A: Here's information from the King County Sheriff's Office:
Washington is an "open- carry" state. That means a person may openly carry a firearm (pistol, rifle or shotgun) in public without a concealed-pistol license.
Of course, as with any other "right" there are exceptions. A firearm may not be taken into a courtroom, jail, school, bar or parts of airports, for example.
In addition, there may be limits as to age, felon, DV conviction, protection order, or specific court order. …
RCW 9.41.270 provides that it is unlawful for a person to carry, exhibit, display or draw any firearm in a manner, under circumstances, and at a time and place that either manifests intent to intimidate another or that warrants alarm for the safety of other persons. A violation is a gross misdemeanor.
This statute is very fact-specific, but in general, merely walking around in public with the gun properly secured in an exposed holster does not constitute a violation.
A court will consider "time, place, manner" factors, such as the time of day, whether the area is residential, urban or countryside, the manner in which the weapon is being carried, the size and type of weapon, whether the clip is visibly attached, high-crime area, whether the person waved it around, tossed it when stopped, etc.
In State v. Spencer, the court … upheld a conviction for RCW 9.41.270 when the person carried an AK-47 with the clip attached on the person's shoulder at 10 p.m., while walking briskly through a residential area with his head down and avoiding eye contact.
In State v. Mitchell, officers on night patrol saw the defendant and a companion walking down the street in a residential area in Seattle. The defendant was carrying a semi-automatic handgun and as officers passed, they observed him tuck it into his waistband. When the officers stopped them, the defendant tossed the gun into the bushes. The court held that openly carrying such a weapon at night in an urban residential area was sufficient to warrant reasonable suspicion that the crime of unlawful display of a firearm was being committed.
In State v. Craig, the court held that an eyewitness testimony that a person driving by in a car pointing a gun at the witness was sufficient to support a finding that officers had probable cause to believe that the person committed the crime of unlawfully displaying (a) weapon.
What might be acceptable behavior on a country road in hunting season would be cause for alarm in an urban residential neighborhood in a high crime area at night. Nonetheless, again typically carrying a properly holstered gun openly will not pass sufficient muster for a violation.
RCW 9.41.230 prohibits a person from aiming any firearm, whether loaded or not, at or towards a human being. It also prohibits willfully discharging a firearm in a public place or in any place where a person might be endangered. Public places do not include locations where it discharging firearms is authorized.
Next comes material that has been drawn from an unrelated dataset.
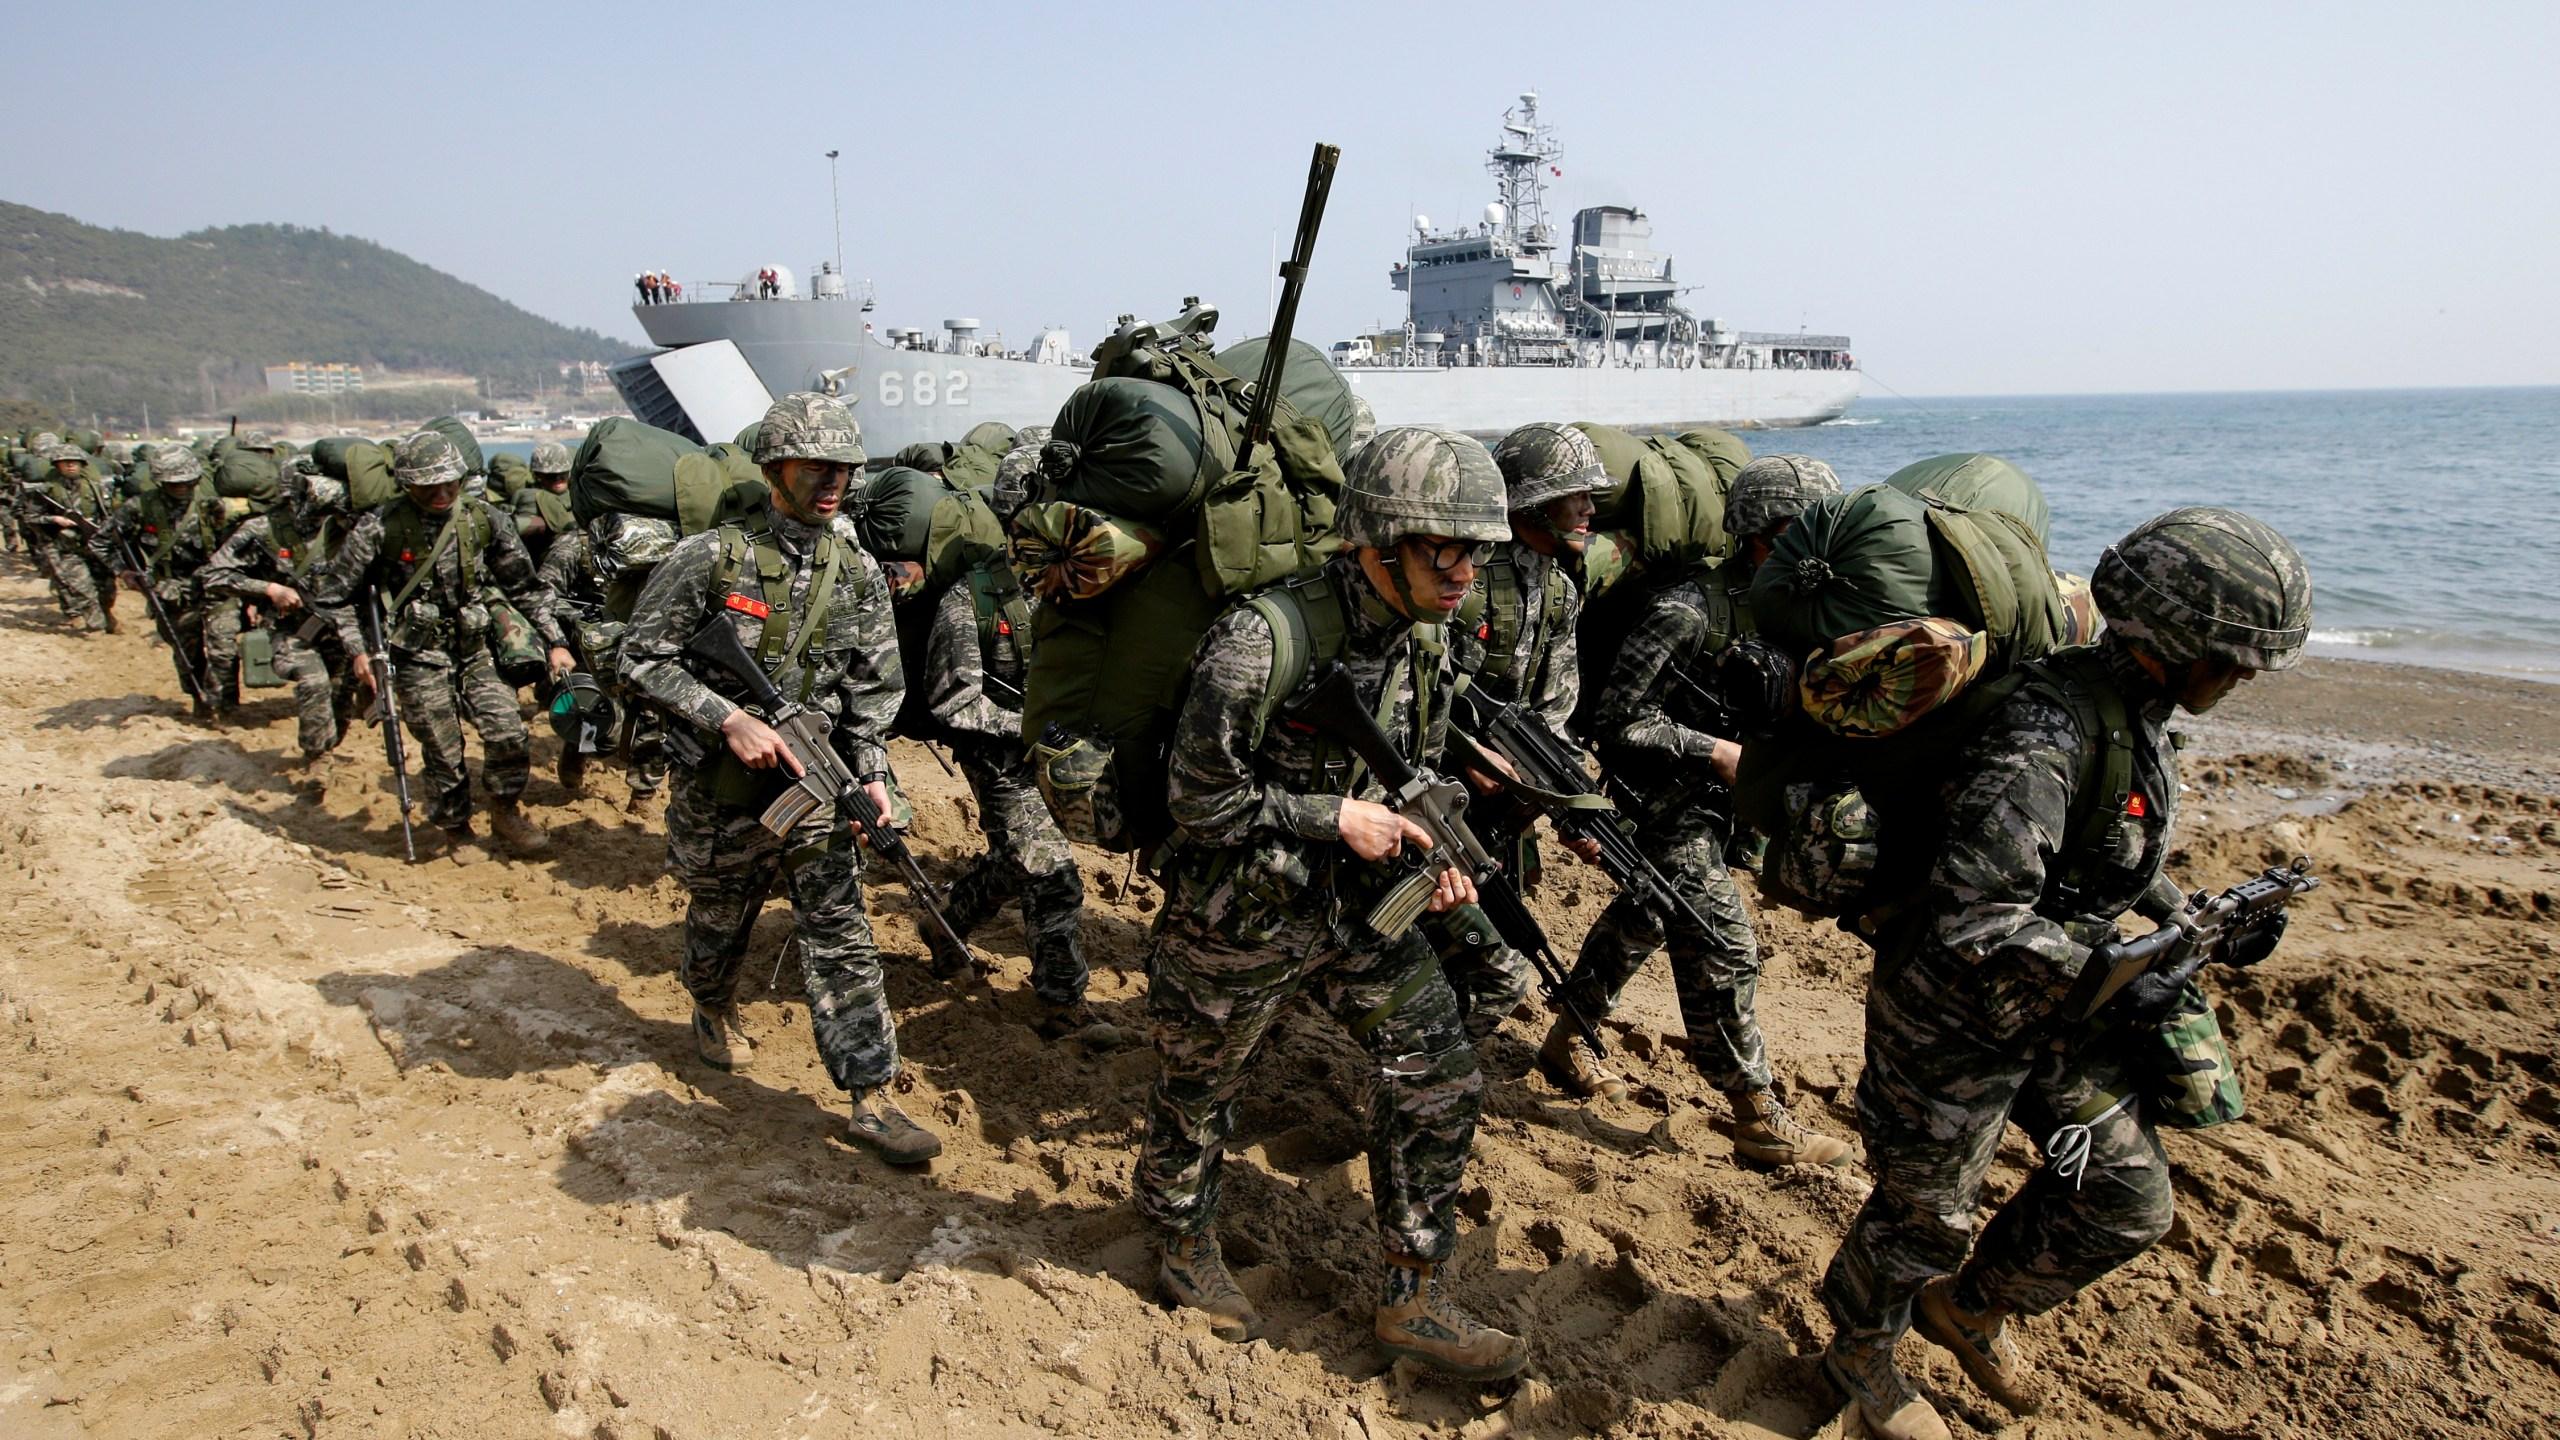 South_Korea_Koreas_US_Military_Drills_91681-159532.jpg79721174

RCW 9.41.250 prohibits "furtively carrying with intent to conceal any dagger, dirk, pistol or other dangerous weapon."
While "open carry" is legal in public, private property is a different matter.
Private property owners may limit individuals' right to carry on their property. This includes quasi-public property such as shopping malls, restaurants and retail stores.
The notice may take two forms. First, if a property is clearly marked with very visible signs at all entrances that say "No Firearms Allowed," then it is illegal to bring a firearm onto the property, with or without a CPL. The crime would be trespass.
If there is no signage and the person with the weapon is asked to leave by the owner or agent and the person refuses, (deputies) can also use the trespass statute. …
State law controls this area of the law and preempts local jurisdictions from passing more restrictive laws on carrying firearms.